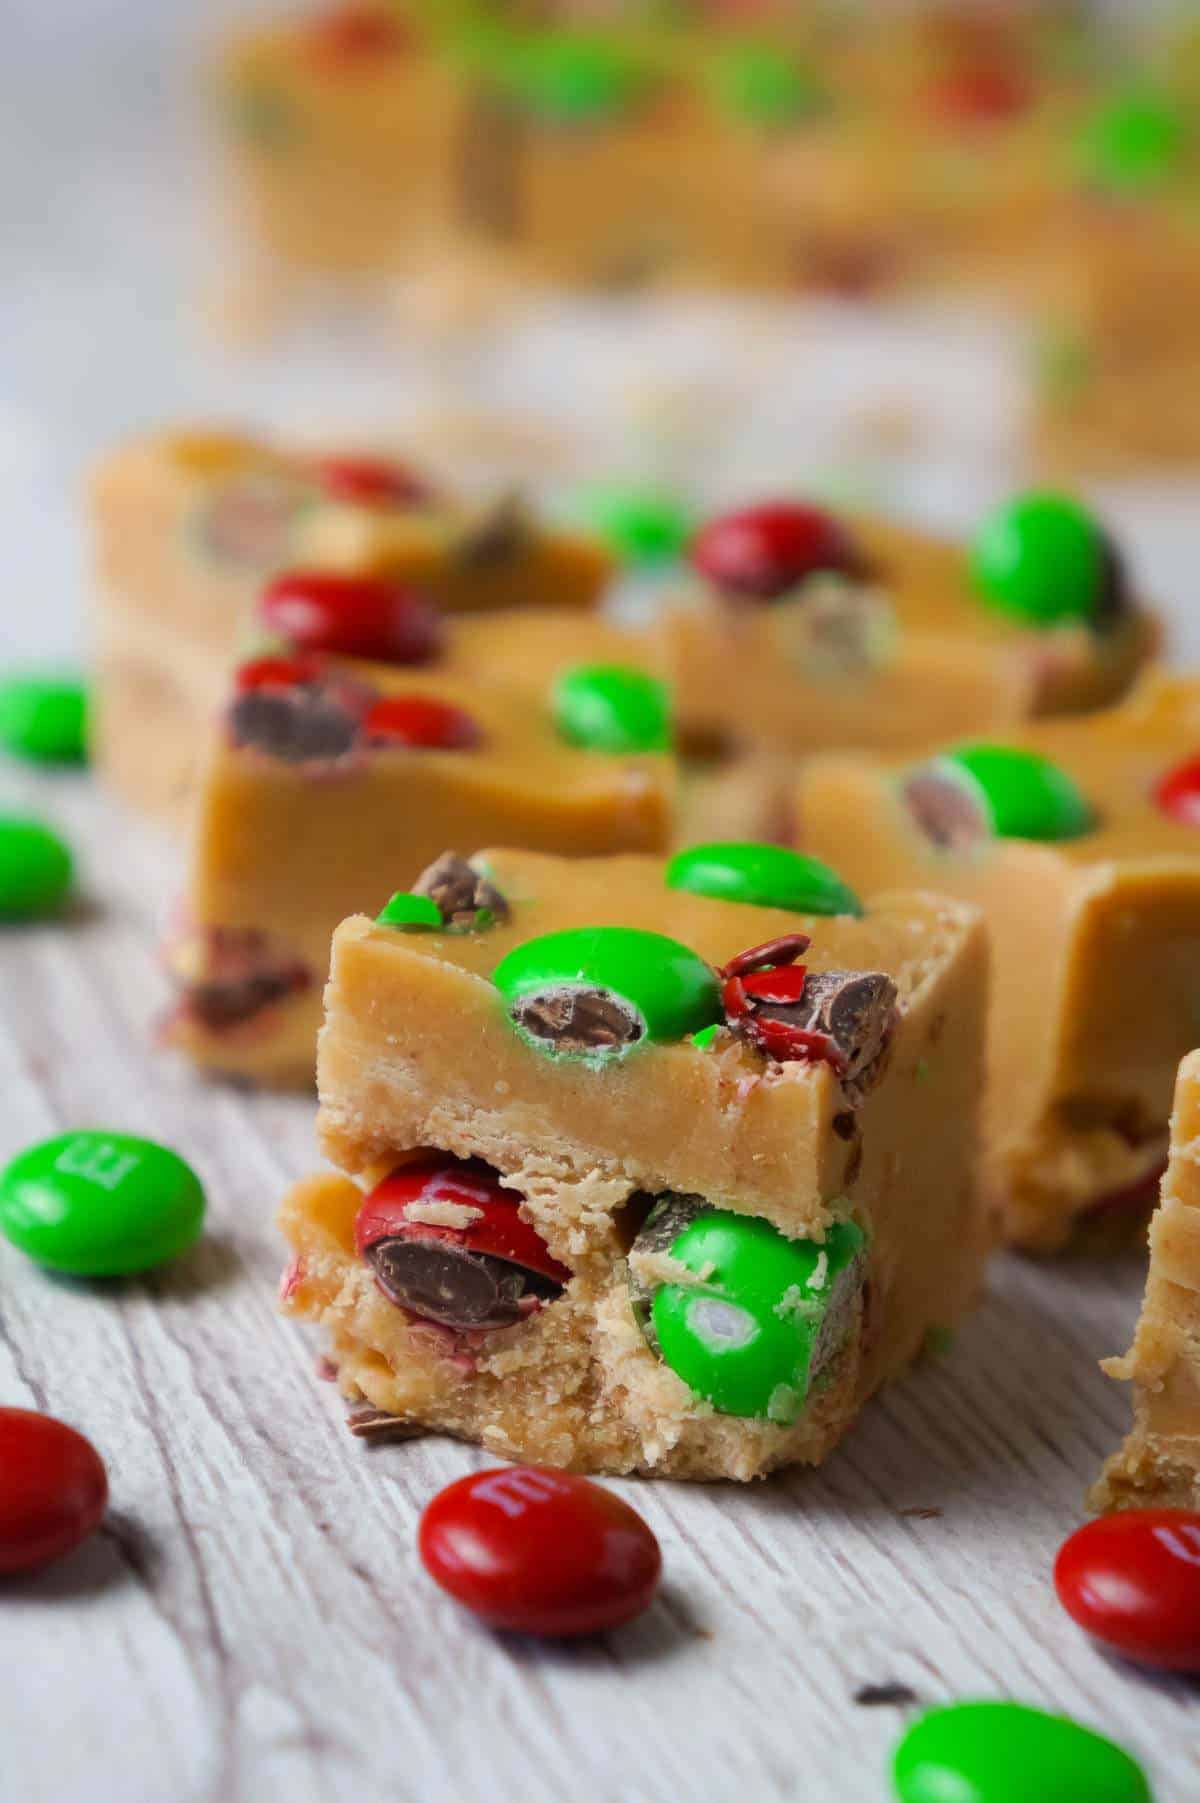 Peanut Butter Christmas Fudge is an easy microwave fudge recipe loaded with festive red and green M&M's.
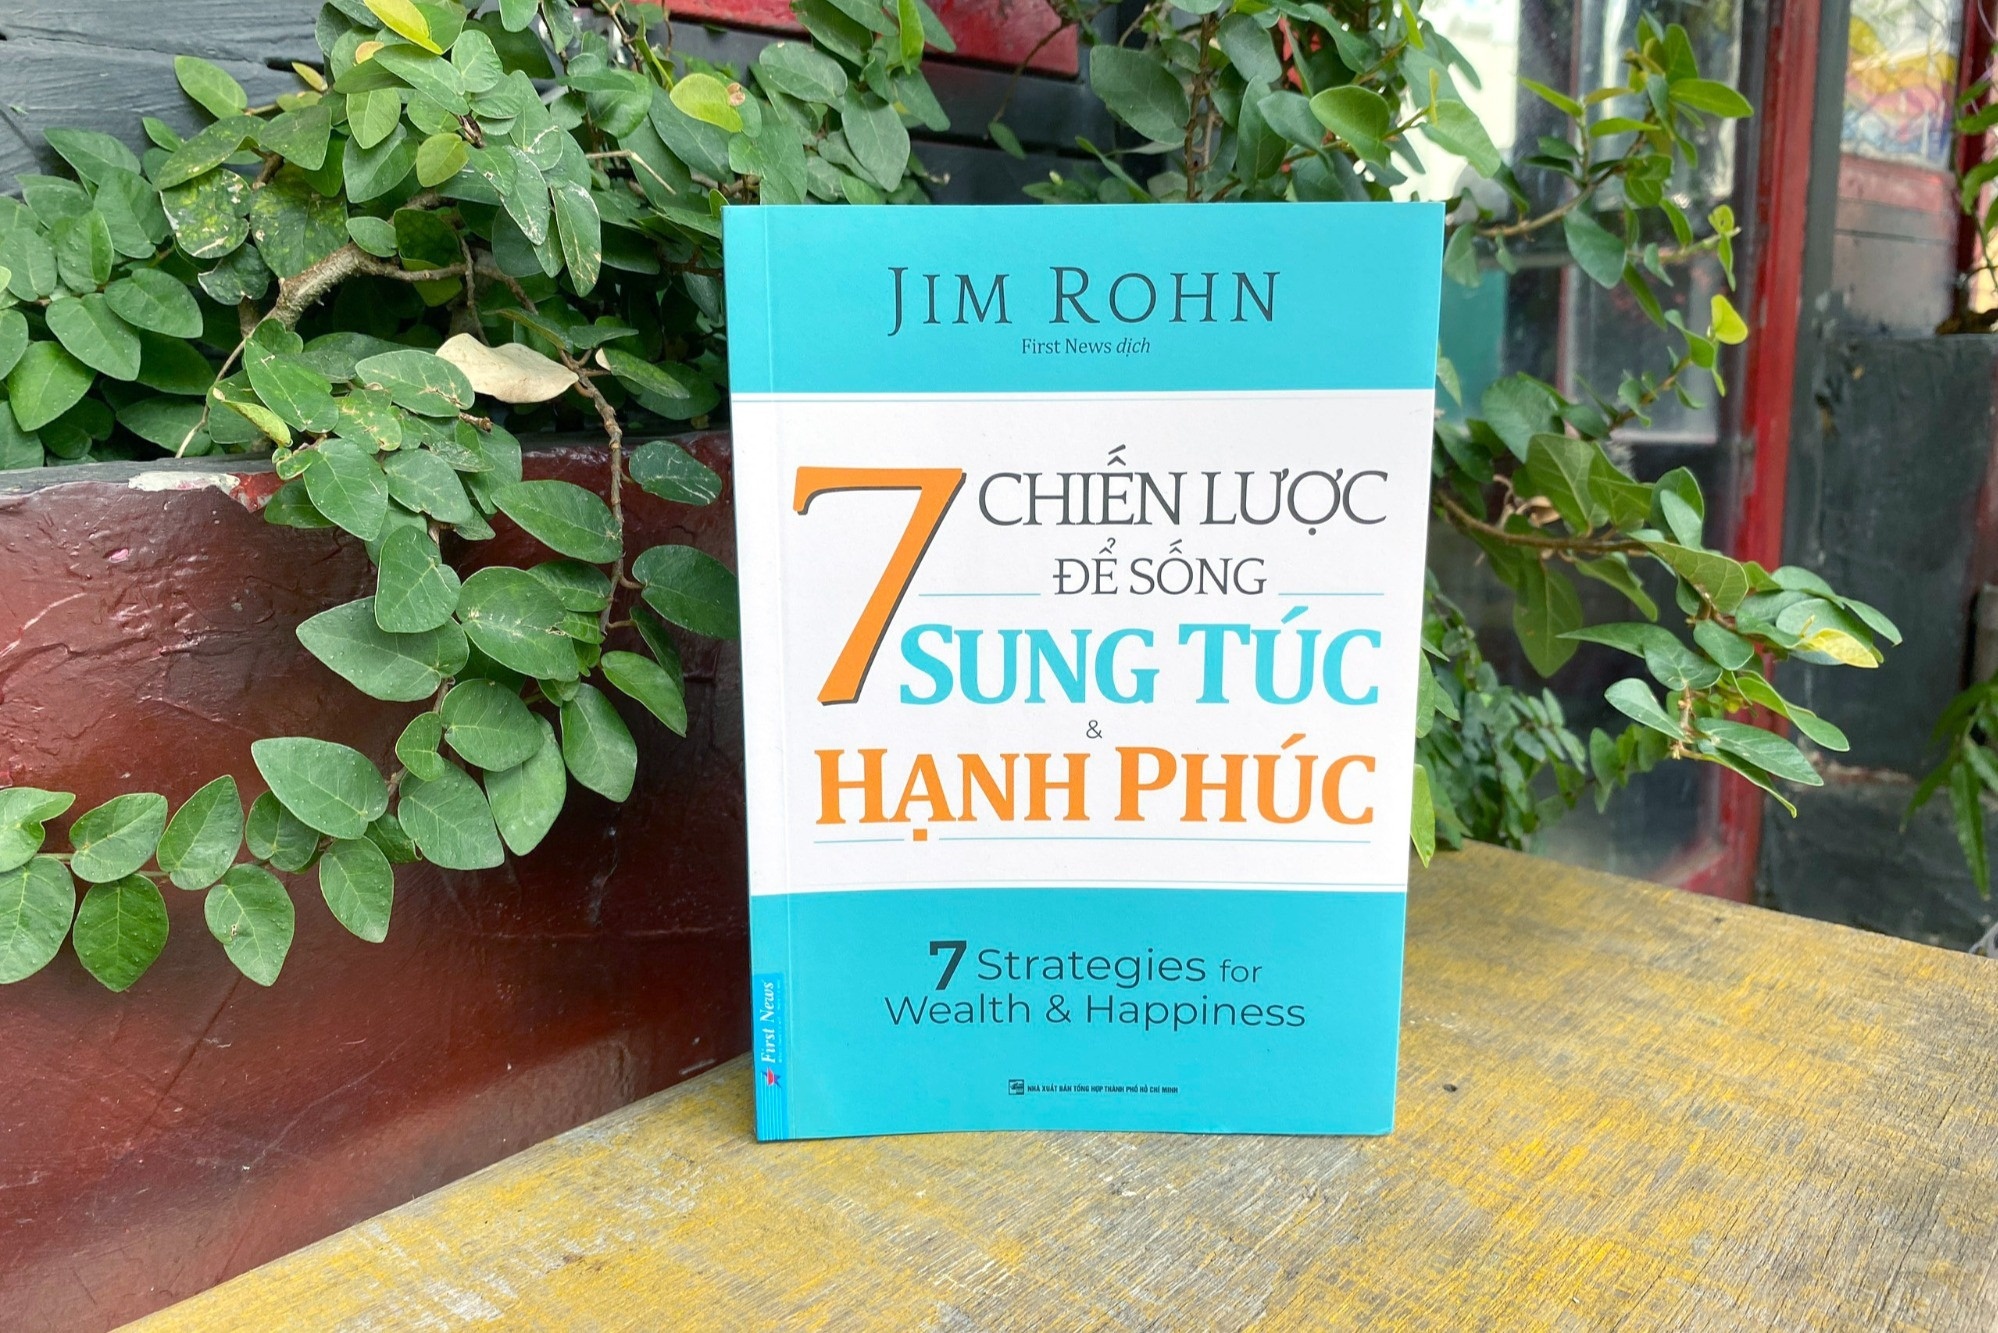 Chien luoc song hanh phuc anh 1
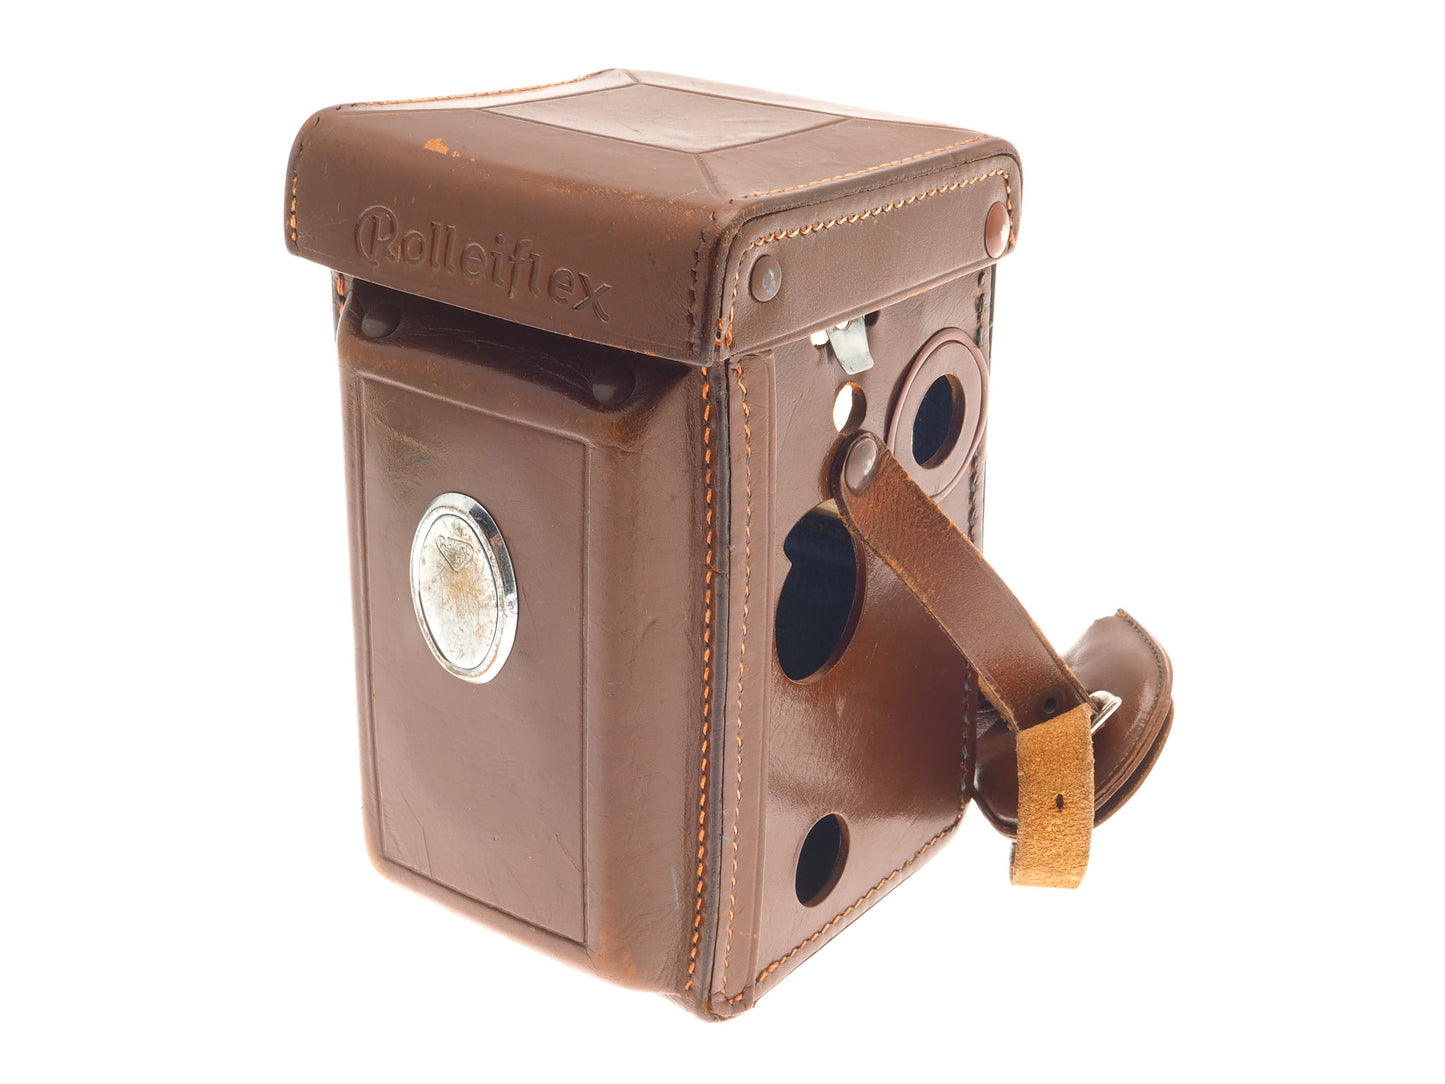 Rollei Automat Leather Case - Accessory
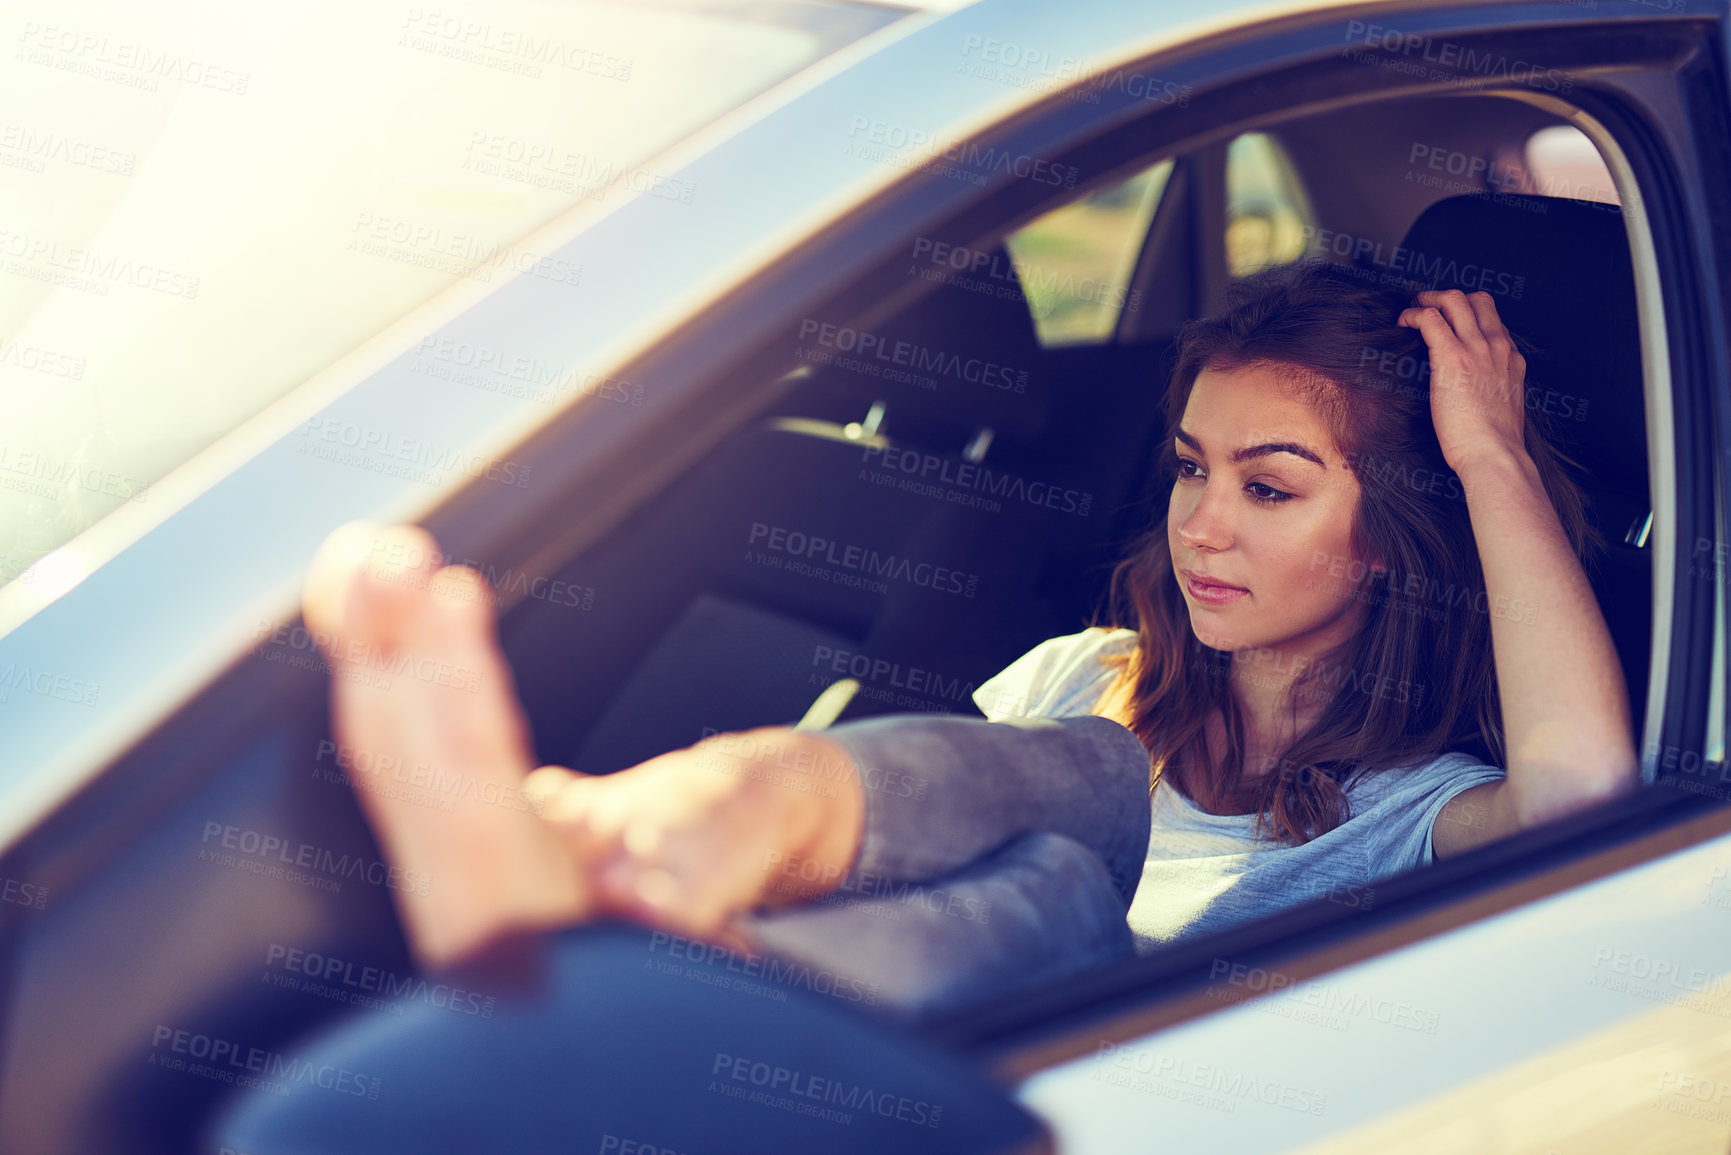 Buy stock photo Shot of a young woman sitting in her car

# # # # #

Pictures aside, return all of the material exactly as written.

 Peanut Butter Christmas Fudge is an easy microwave fudge recipe loaded with festive red and green M&M's.
 Chien luoc song hanh phuc anh 1
 Rollei Automat Leather Case - Accessory
 Buy stock photo Shot of a young woman sitting in her car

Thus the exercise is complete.